My target is Muslim women between the ages of 18 and 34 years, from African descent, technology savvy, minimum of a high school education, and seeking financial freedom. Although Hayati is accessible to all via social media and it’s online platform, readers require a minimum level of education and technical skills. Therefore, I want women who do not have these skills to aspire to have them, so they can be part of the Hayati Community, and ultimately improve their lives.
I first created an Instagram account in August 2012. After the rapid success of the account, its followers soon began to demand a blog. In September 2012, I designed and launched www.hayationline.com. In November 2012, I designed and began to publish quarterly publications. In 2013 I registered the company and secured the domain name www.hayatimagazine.com. In 2014, I launched the Hayati Summer Internship Program. In 2015, one of Hayati’s editorials was featured in Vogue Italia. In 2016, I was nominated for the Future Award in Media Enterprise for my work with Hayati. In 2017, I launched Hayati print, and in 2018, Hayati partnered with media giant Bella Naija to produce content geared towards young Muslim women.

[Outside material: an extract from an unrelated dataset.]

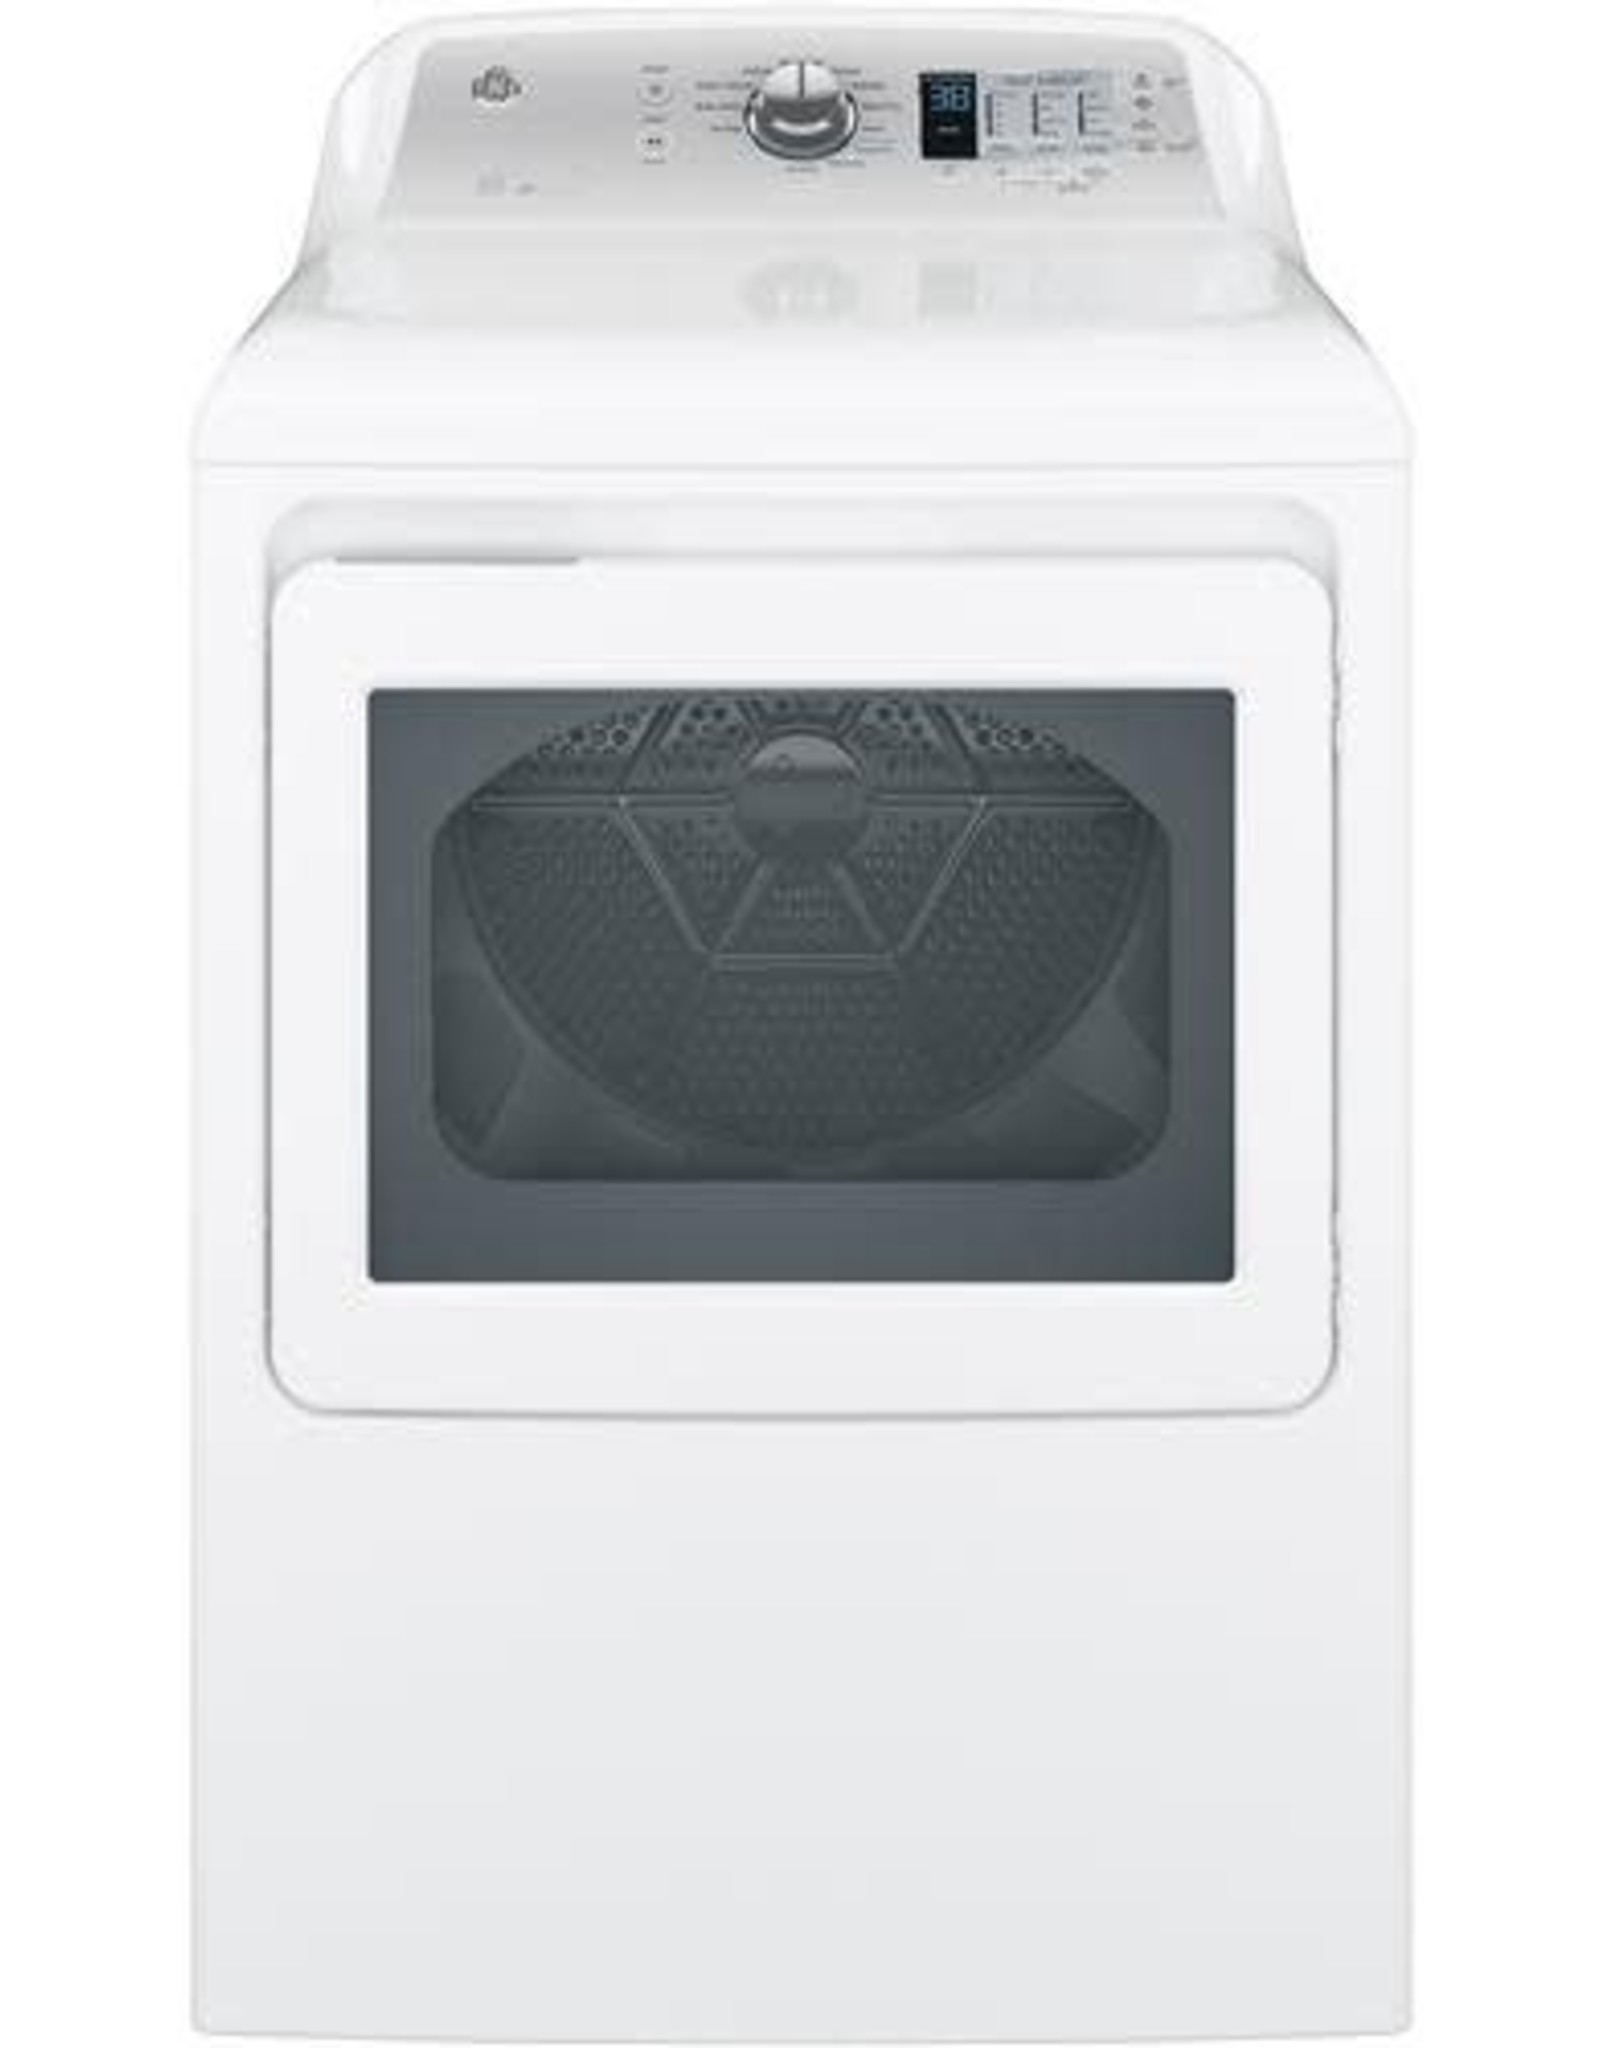 GE GE 7.4 Dryer White

Hayati is now a household name and is continuing to gain recognition across Northern Nigeria. Brands including Nestle, Pandora, Vlisco, Lulu, and many more have partnered with Hayati to reach a wider audience. Young African Muslim women are proud and happy that such a publication exists, and many are hoping to use it as a platform to share their respective talents and achievements with the world.